WHAT IS EXPECTED: Using the listing below, copy exactly the lines from the one containing "A US Marine" to the one containing "The Bateau Restaurant", both lines included, and no others.

DATA SUPPLIED:
——————

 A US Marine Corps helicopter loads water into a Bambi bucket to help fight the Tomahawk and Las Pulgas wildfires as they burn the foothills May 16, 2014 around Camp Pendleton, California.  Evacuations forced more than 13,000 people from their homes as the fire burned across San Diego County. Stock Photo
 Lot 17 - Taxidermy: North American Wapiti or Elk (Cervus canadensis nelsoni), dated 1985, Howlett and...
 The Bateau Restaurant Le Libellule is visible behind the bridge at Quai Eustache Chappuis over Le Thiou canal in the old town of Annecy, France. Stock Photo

——————

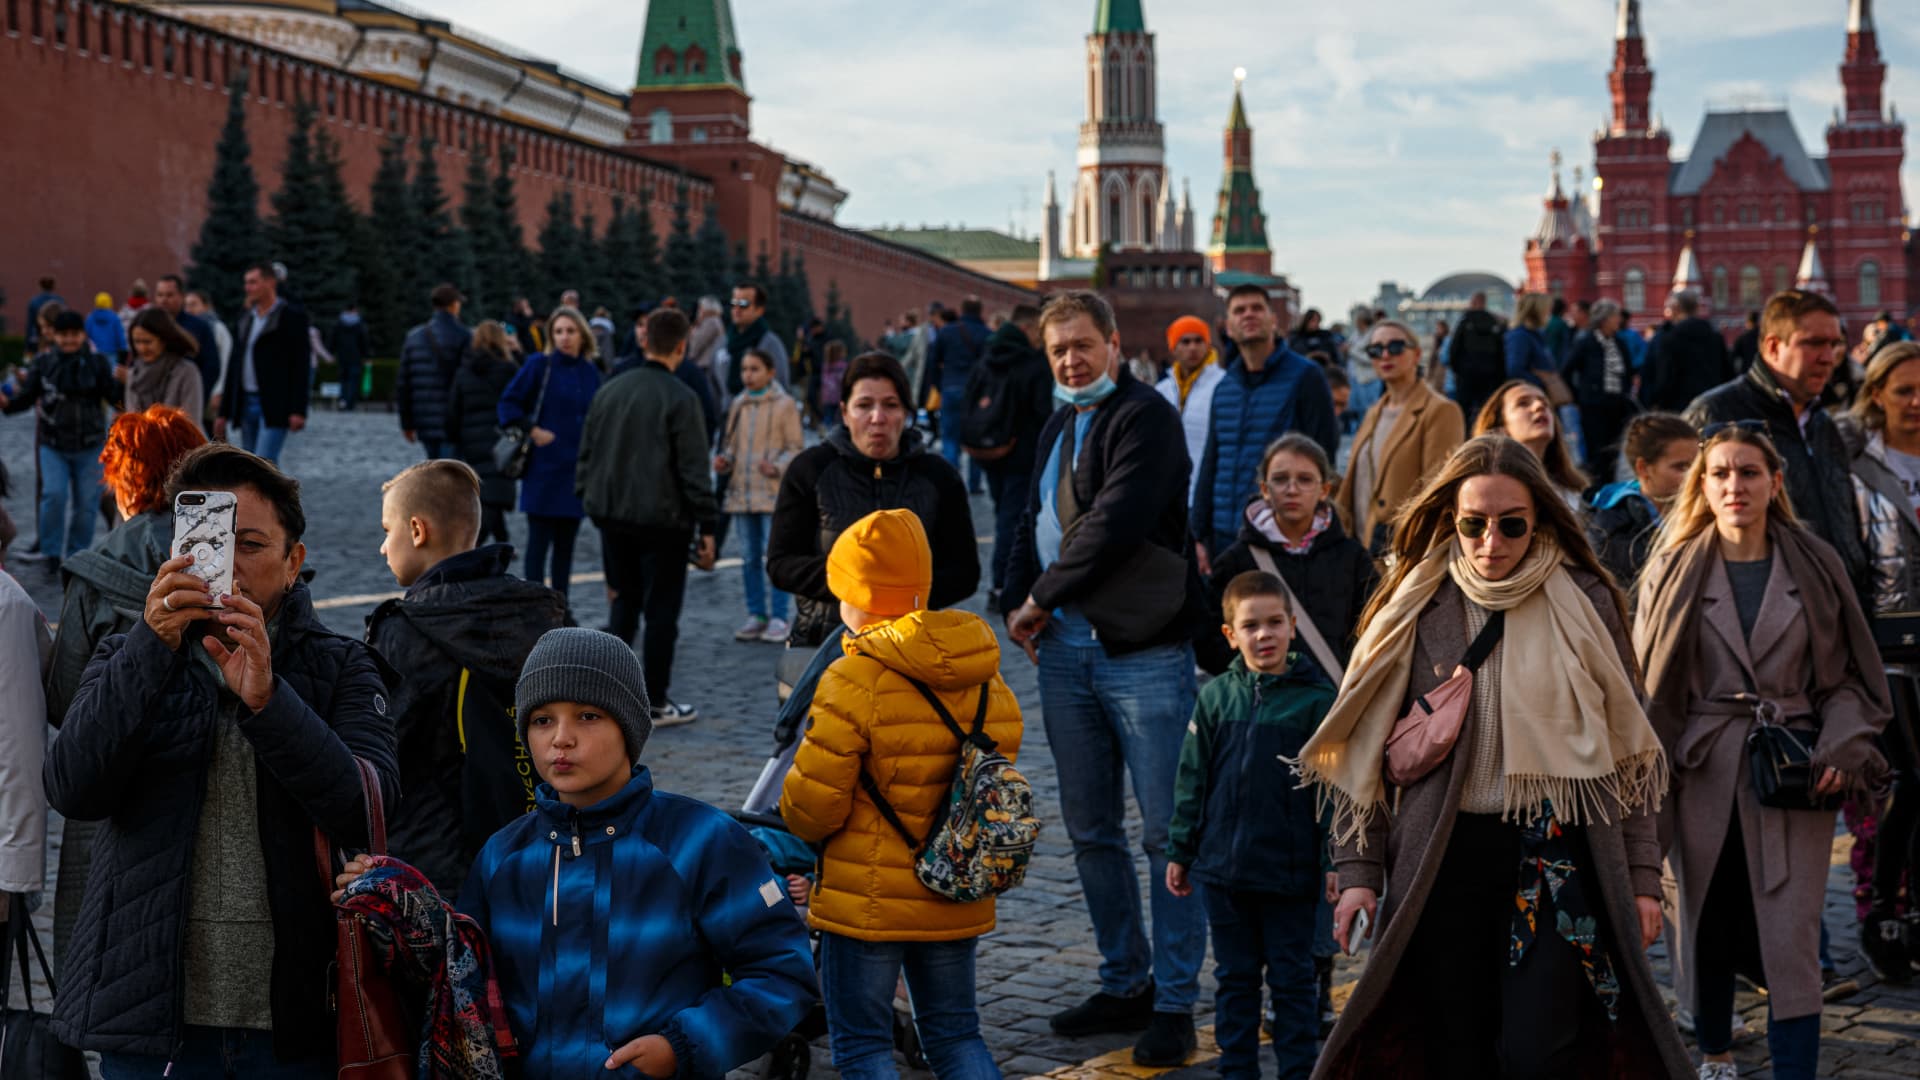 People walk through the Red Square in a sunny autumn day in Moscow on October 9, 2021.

——————

ANSWER SECTION:
 A US Marine Corps helicopter loads water into a Bambi bucket to help fight the Tomahawk and Las Pulgas wildfires as they burn the foothills May 16, 2014 around Camp Pendleton, California.  Evacuations forced more than 13,000 people from their homes as the fire burned across San Diego County. Stock Photo
 Lot 17 - Taxidermy: North American Wapiti or Elk (Cervus canadensis nelsoni), dated 1985, Howlett and...
 The Bateau Restaurant Le Libellule is visible behind the bridge at Quai Eustache Chappuis over Le Thiou canal in the old town of Annecy, France. Stock Photo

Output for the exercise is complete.